* _What you need to do_
Only what runs from the line with "ア・ス・ヴェルデ管理事務所内の壁紙の汚れがひどい!!" to the end of the data should appear in the answer, exactly as written and without pictures.

(Data block Opens)

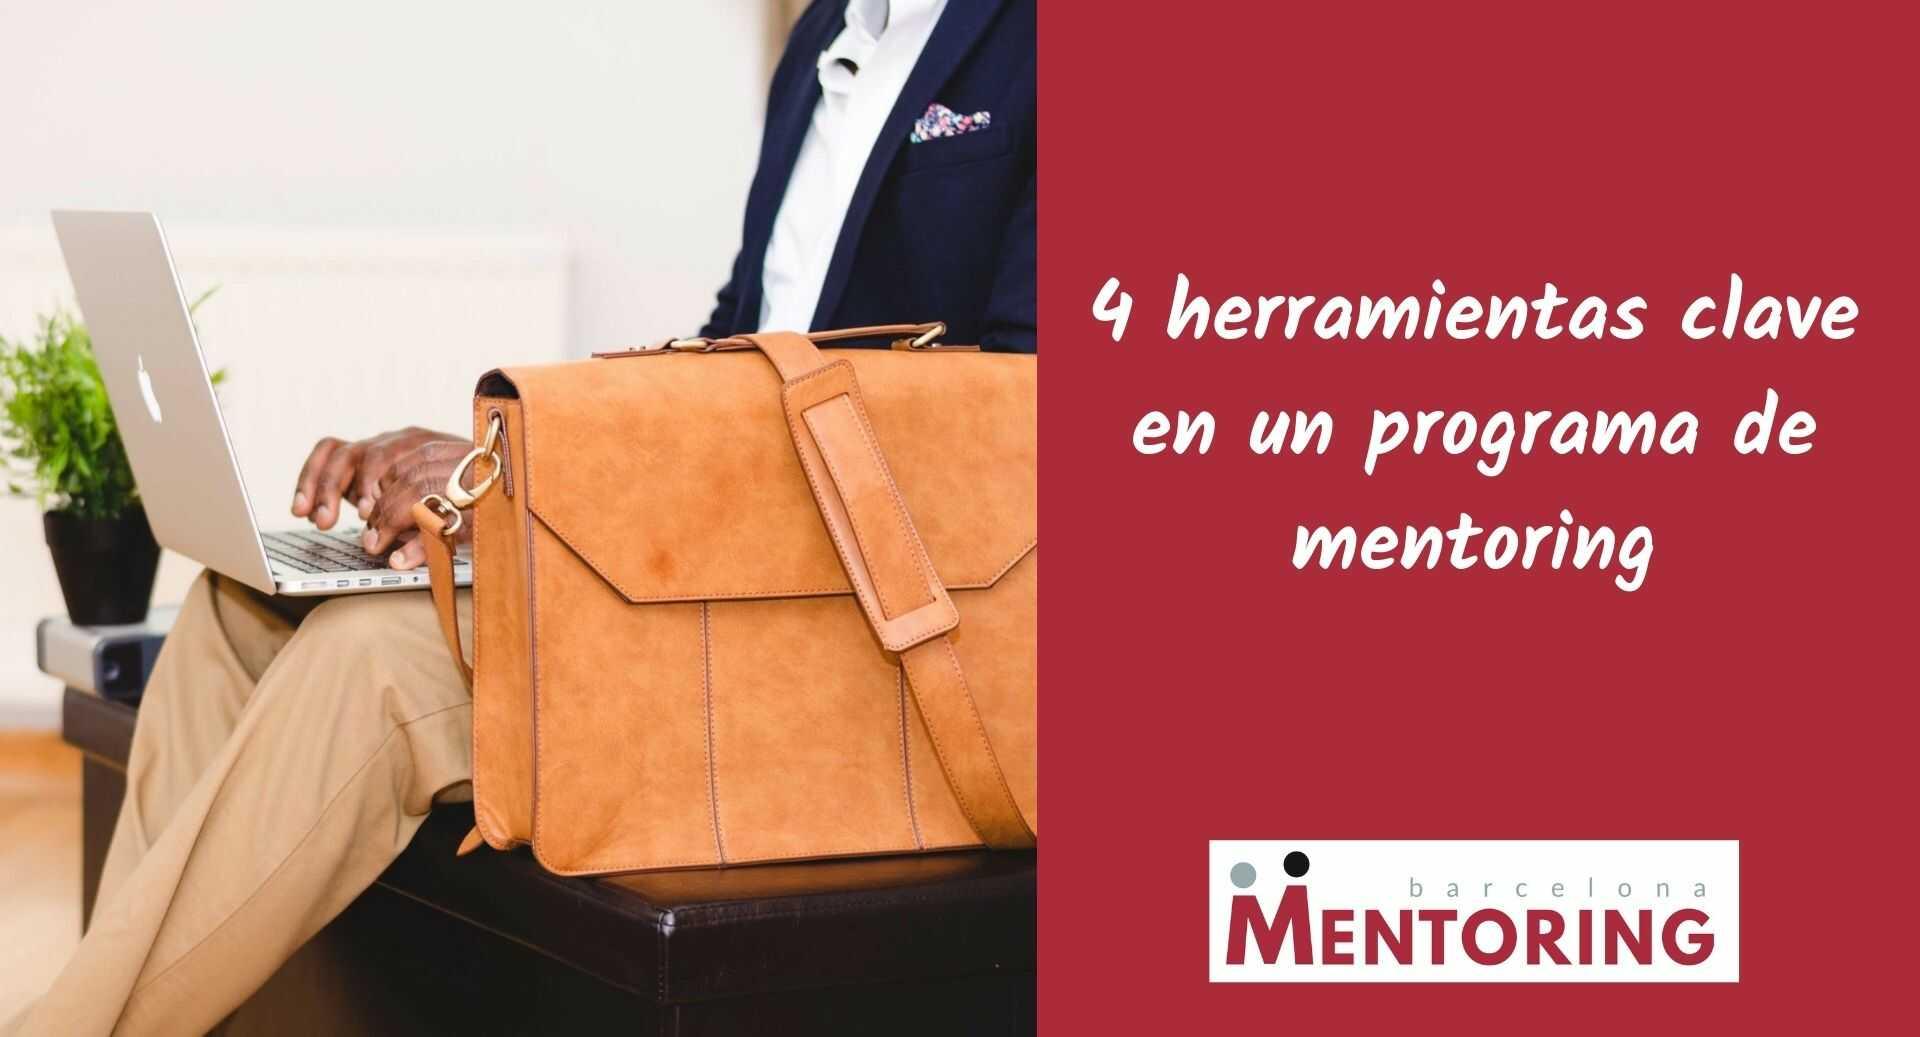 herramientas en un programa de mentoring
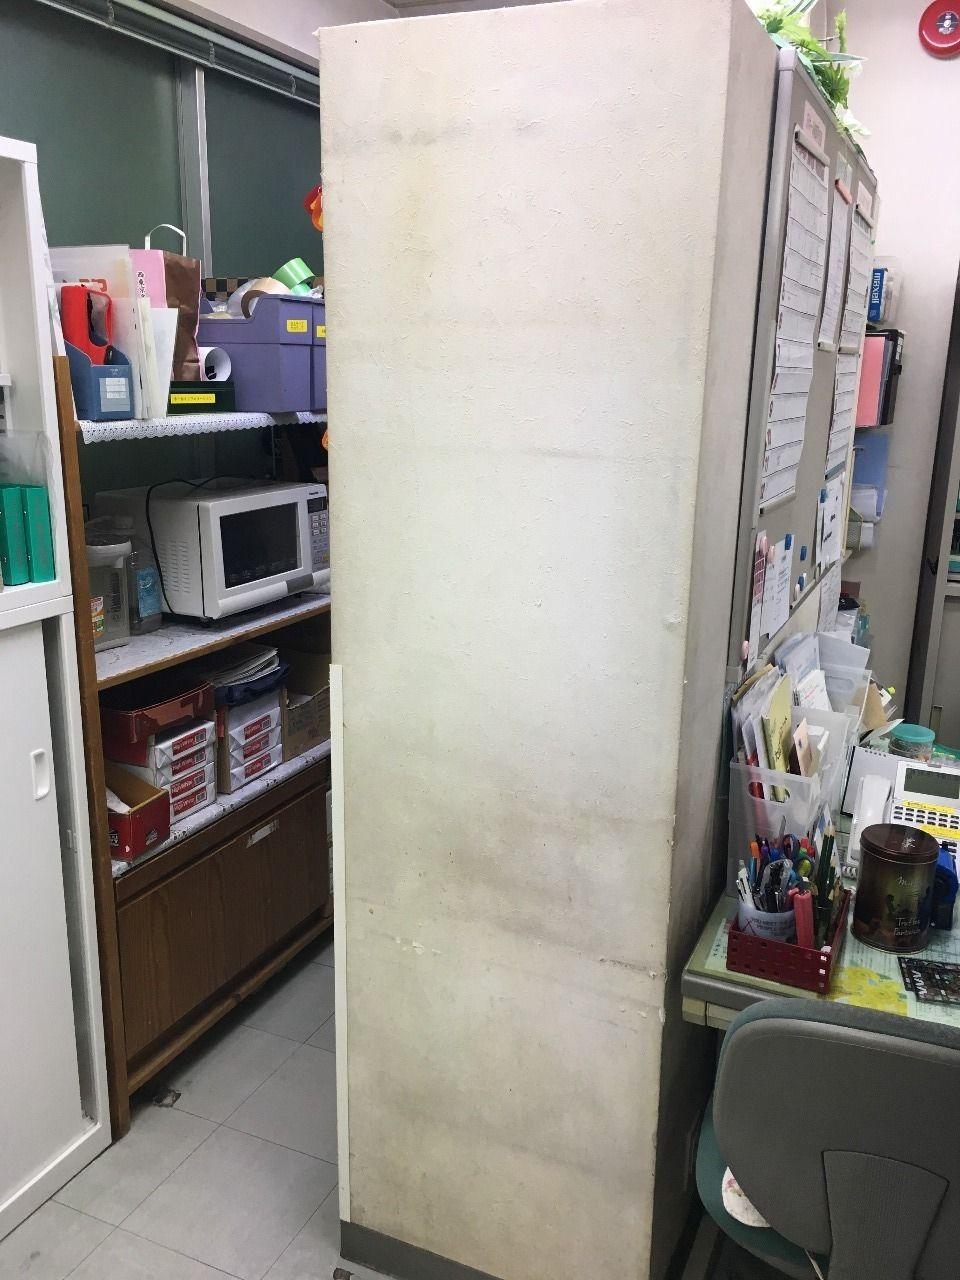 ア・ス・ヴェルデ管理事務所内の壁紙の汚れがひどい!!
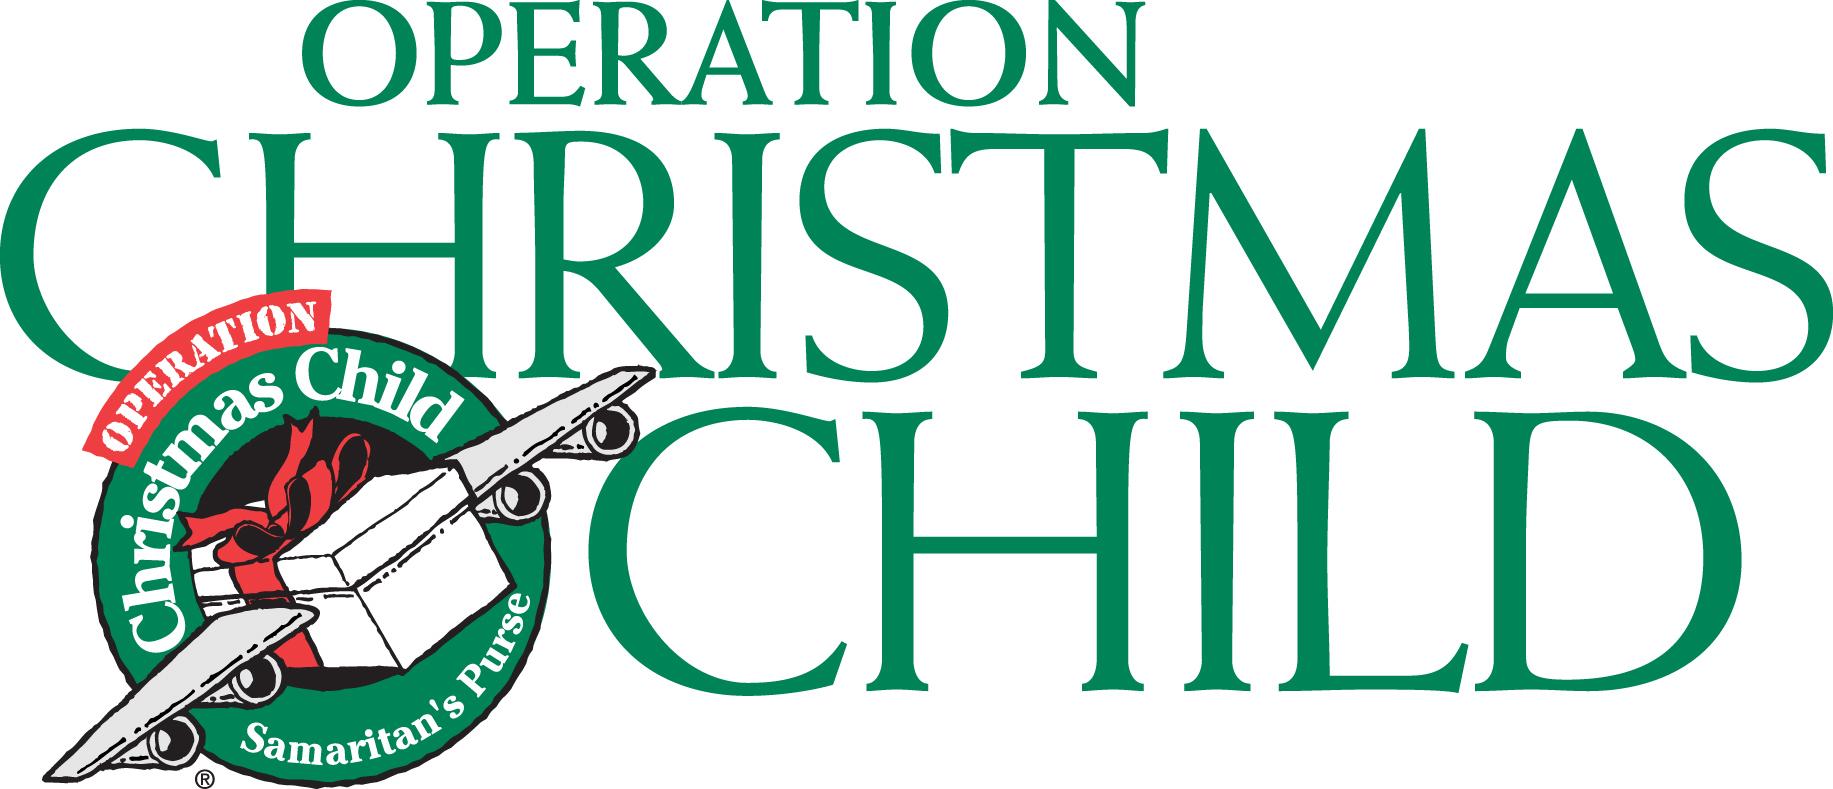 operationchristmaschildlogo

(Data block Closes)

* _Task answer_
 ア・ス・ヴェルデ管理事務所内の壁紙の汚れがひどい!!
 operationchristmaschildlogo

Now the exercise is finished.